» **Work instructions**:
Return the full listing unchanged, apart from leaving out its images.

» **Data below**:
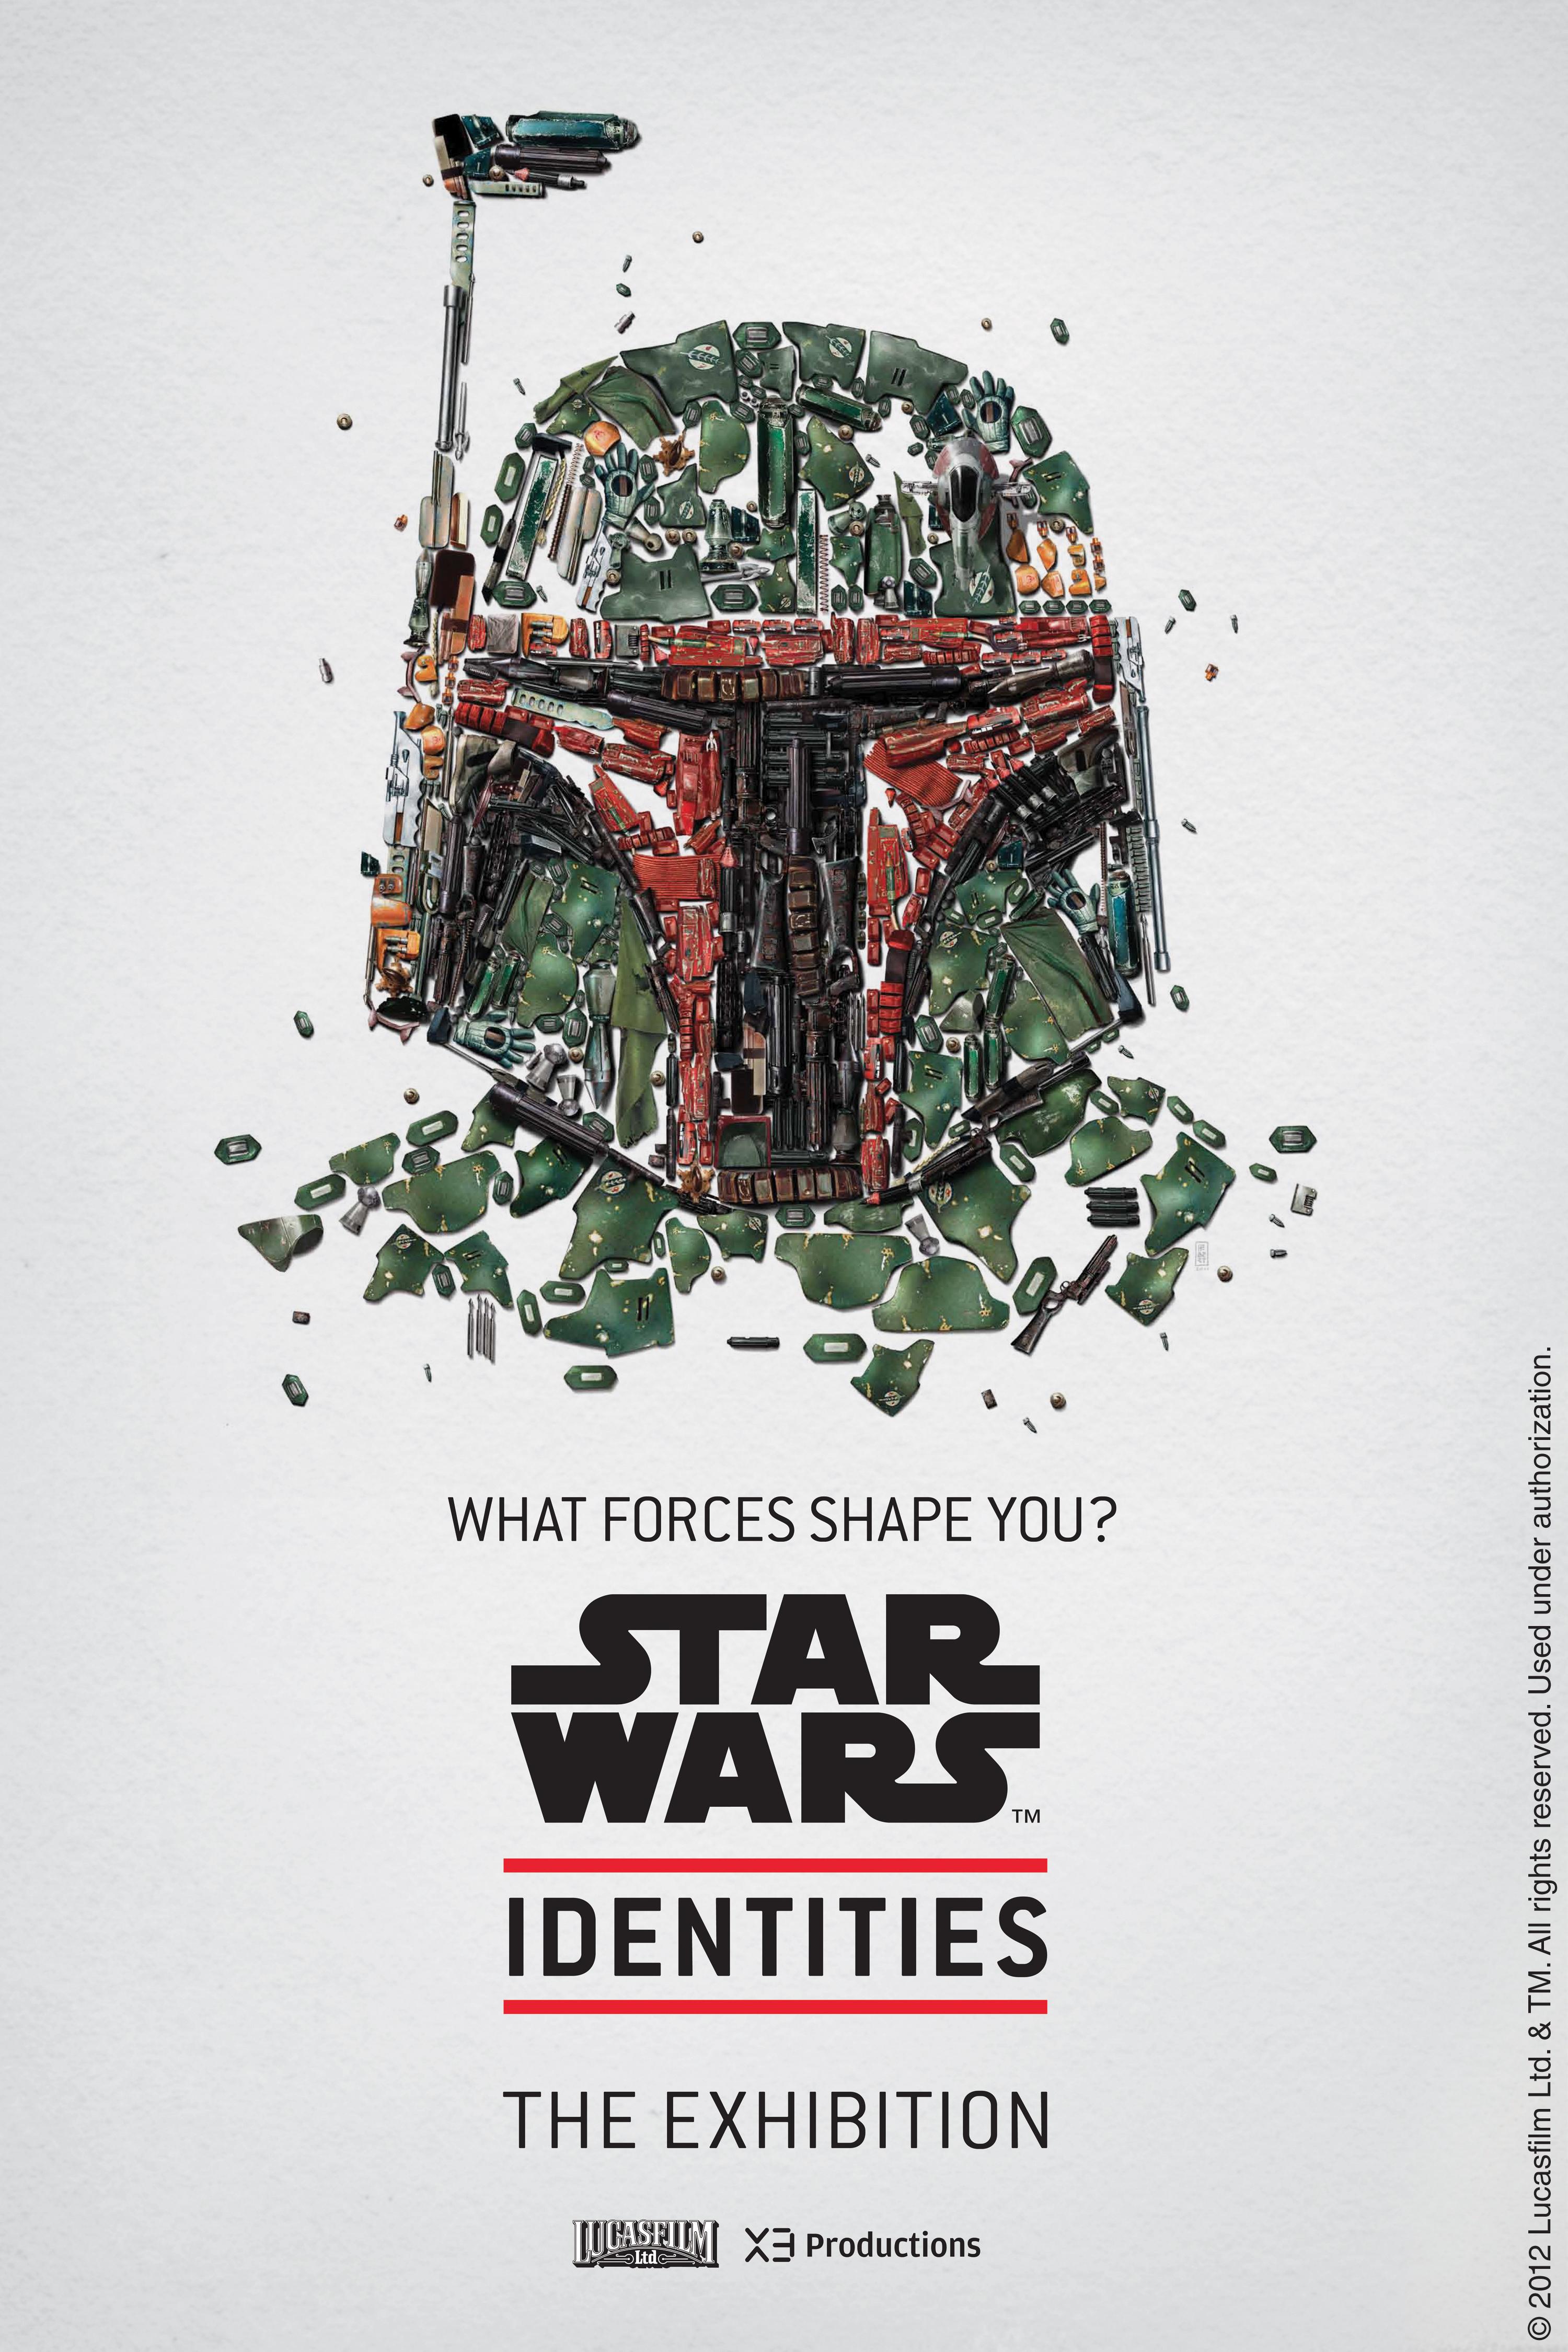 [COMPTE-RENDU] Exposition Star Wars Identities
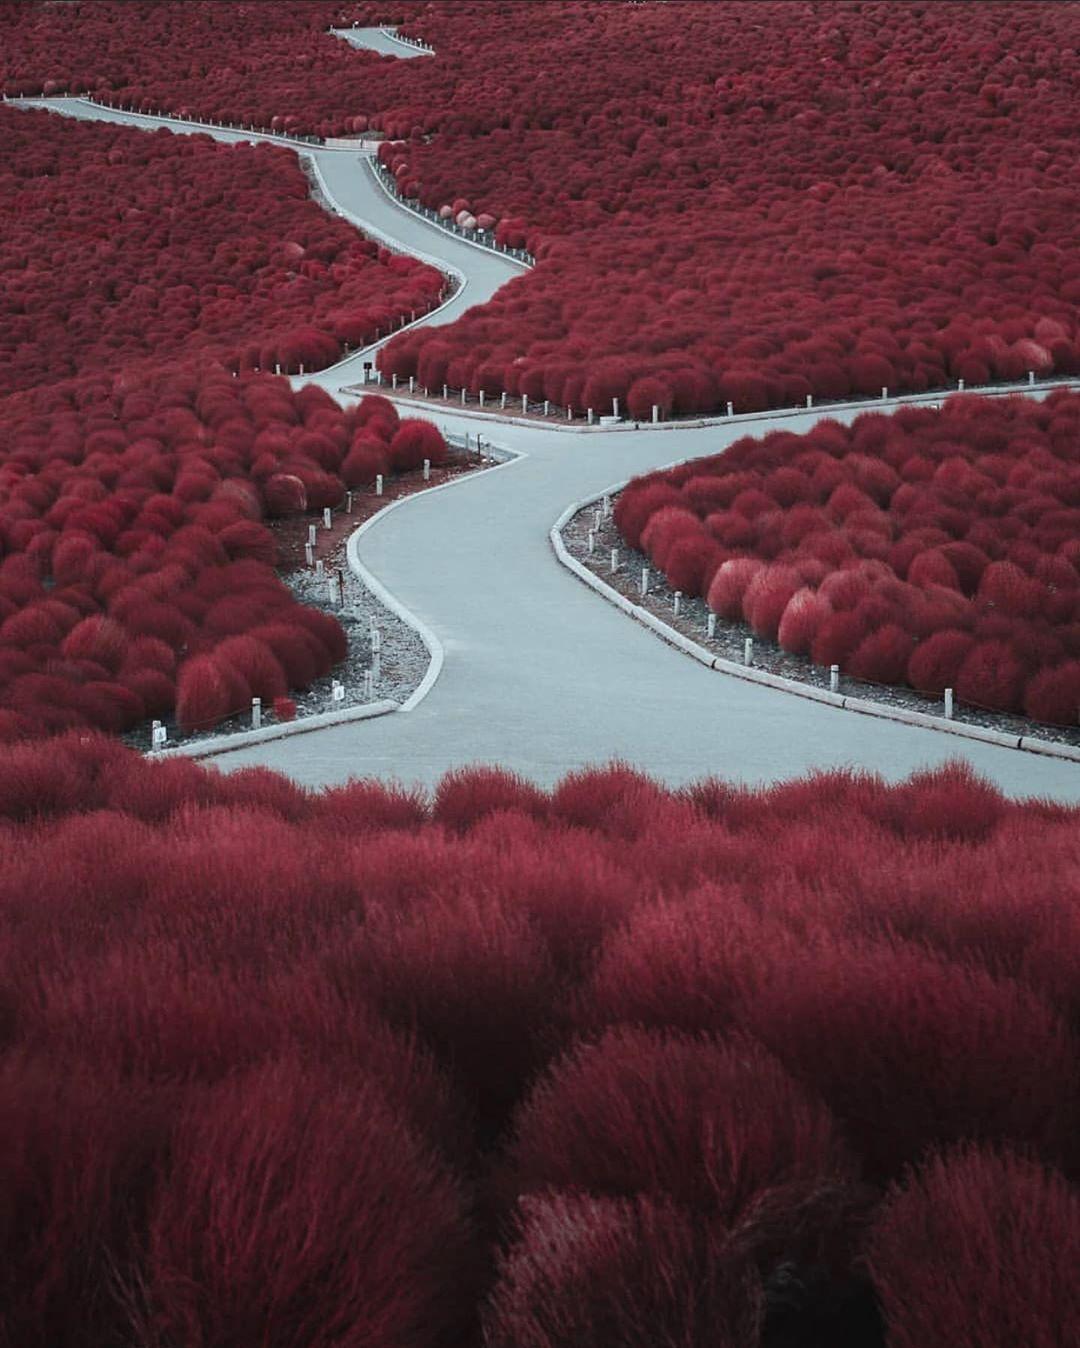 Khám phá cánh đồng hoa tỉnh Ibaraki - Thiên đường hoa 4 mùa chỉ có tại Nhật Bản
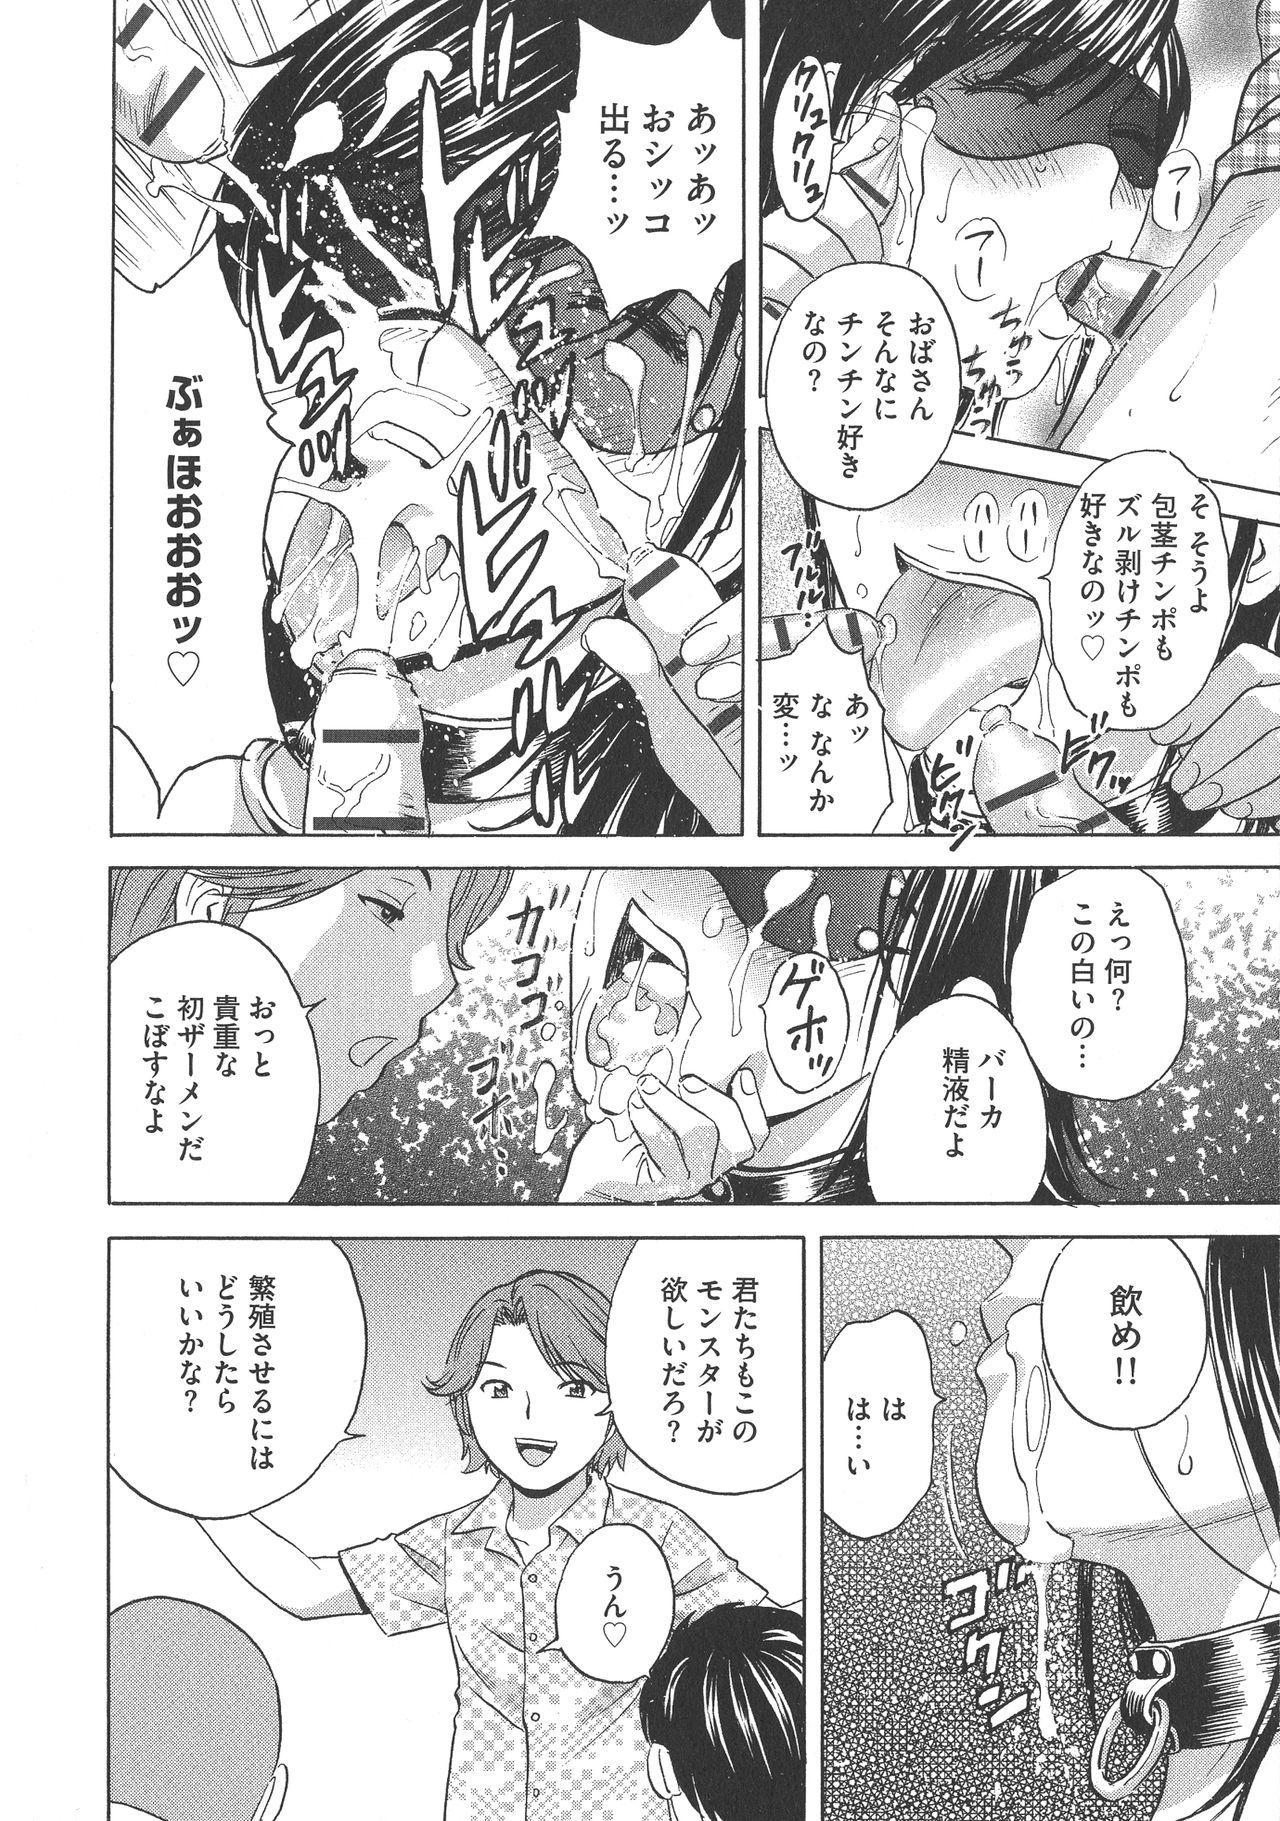 Chijoku ni Modaeru Haha no Chichi… 61

» **Solution below**:
 [COMPTE-RENDU] Exposition Star Wars Identities
 Khám phá cánh đồng hoa tỉnh Ibaraki - Thiên đường hoa 4 mùa chỉ có tại Nhật Bản
 Chijoku ni Modaeru Haha no Chichi… 61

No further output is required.